Though SSRs are known traditionally as locus-based markers, owing to their various ploidy levels in the Rosa genus, multiple PCR amplicons per primer pair were found to be amplified in many species. Hence, scoring of bands was unlike a co-dominant marker (i.e., not based on allele type specified by length polymorphism) but rather on the presence or absence of the amplicons. Thus, alleles for each SSR locus and the complete set of presence/absence scores for all alleles at each locus were considered as the ‘allelic phenotype’ of a genotype (Becher et al. 2000). In order to generate the genetic similarity index (SI), a binary matrix was generated by assigning score 1 for the presence and 0 for the absence of a given band for an allele. Similarly, a binary matrix was generated for all the alleles in a gel. Only clear and reproducible bands were considered for the analysis. In order to check the efficiency of SSR in diversity analysis, following parameters were considered for each marker: major allele frequency, number of polymorphic bands, number of monomorphic bands, fraction of polymorphic loci (β), polymorphism information content (PIC), expected and observed heterozygosity (He and Hp), marker index (MI), and resolving power (Rp) (Chesnokov and Artemyeva 2015; Shingote et al. 2019). Fraction of polymorphic loci (β) was calculated as a proportion of polymorphic amplicons to the number of amplicons produced for each primer pair (np/n). Polymorphism Information Content (PIC) was calculated as 1−∑pi2 where p is the frequency of the ith allele. Marker index (MI) was calculated as the product of expected heterozygosity, β and number of polymorphic bands. Resolving power (Rp) was calculated Σ Ib (Ib = 1− (2× (0.5- p)) wherein Ib refers to allele informativeness and p for allele frequency. Scored data were used to compute pair-wise Jaccard’s similarity coefficient (Jaccard 1908) using NTSYS-pc version 2.21s (Rohlf 1998) package. Jaccard’s similarity matrix was used for cluster analysis using the unweighted pair-group method with arithmetic averages (UPGMA) method in sequential, agglomerative, and hierarchical and nested (SAHN) clustering algorithm. The Principal Component Analysis (PCA) was done using ‘R’ software to identify multidimensional relationships among various morphological traits used for dividing the genotypes into various groups (Revelle 2017).

Results

Characterization of  Rosa species using SSR markers

Out of the 56 SSR markers (Supplementary Table 1) tested in the rose species, only 33 primers gave robust and reproducible amplification across all the species.
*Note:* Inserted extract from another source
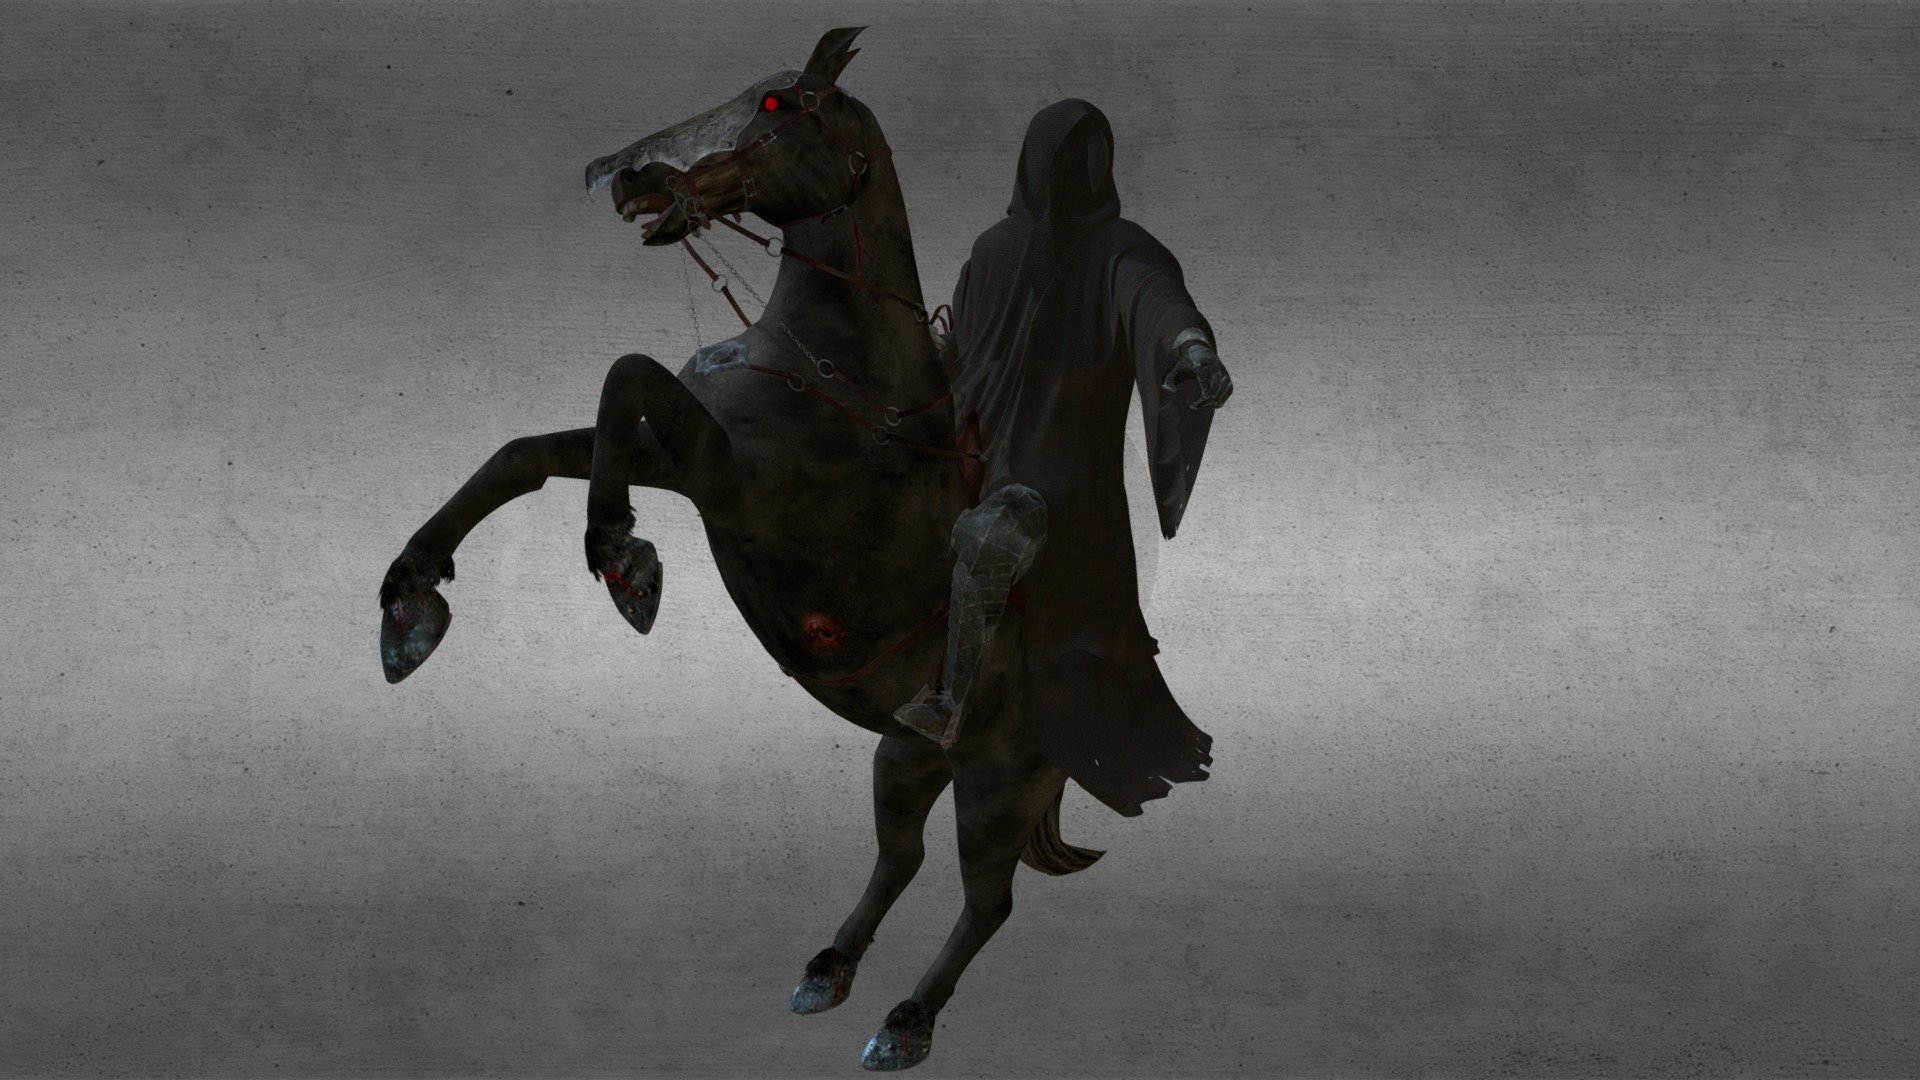 Drak rider from lord of the rings created for -link removed- - Dark Rider - 3D model by Buncic 3d model

The map position and linkage group information of 23 of the 33 primers are presented in supplementary Table 2 which shows that all the LGS were covered except for LG7. For the rest of the 10 SSRs this information could not be identified as they have not yet been placed on any genetic map. Among these 33 SSRs, only 24 were polymorphic while the rest were monomorphic, producing a total of 47 different bands (Table 2). The SSR primers amplified in almost all species of the genus Rosa, with quite a few null alleles (278 out of 1316) with an average of 21%. Still a major portion of the markers (79%) exhibited cross transferability among different species in the genus Rosa. The number of alleles ranged from 1 to 3 per marker locus with an average of 1.42 (Table 2). PIC value is an important attribute of a primer which describes its ability to differentiate various individuals. With an average PIC value of 0.365, highest PIC value (0.87) was observed for SSR Rw60A16 followed by RA027a (0.805) and H4F06 (0.793), while lowest values was found for SSR, Rw5G14 (0.102). With average marker index (MI) of 1.253, highest MI value was observed for Rw29B1 (5.2), followed by Rw52D4 (4.88) and H20D08 (4.72), while lowest MI value (0.654) was observed for SSR, H5F12. Resolving power (Rp), the discriminatory potential of a marker to distinguish the genotypes or individuals, was the highest for Rw60A16 (1.6), followed by RA027a (1.55), and C187 (1.26), while the lowest was for Rw5G14 (0.11) with the average Rp being 0.416. High level of variations was detected by primers like Rw60A16, RA027a, H4F06, C187 and Rw34L6 (Table 2).

Table 2 Details of the 33 SSR markers amplified in terms of their marker informativeness revealing the discriminatory power of each primer

Genetic diversity and relationship between Rosa species by cluster analysis using UPGMA method and Jaccard’s similarity coefficients

Genetic similarity among 28 rose species as determined by Jaccard’s pairwise similarity coefficient (Supplementary Table 3) ranged from 0.33 to 1.00 indicating moderate diversity. Maximum similarity with similarity coefficient of 1.00 was observed between three pairs of species, R. brunonii with R. dumalis; R. macrophylla with R. hybrida cv. Rose Sherbet; and R. tomentosa with R. damascena cv. Jwala. Further, R. chinensis ‘Viridiflora’ showed higher similarity with R. macrophylla and R. hybrida cv. Rose Sherbet (0.97). Maximum dissimilarity was observed between R. tomentosa and R. slancensis with similarity coefficient of 0.33. R. brunonii, a species native to India, exhibited great divergence from R. multiflora and R. damascena cv. Rani Sahiba.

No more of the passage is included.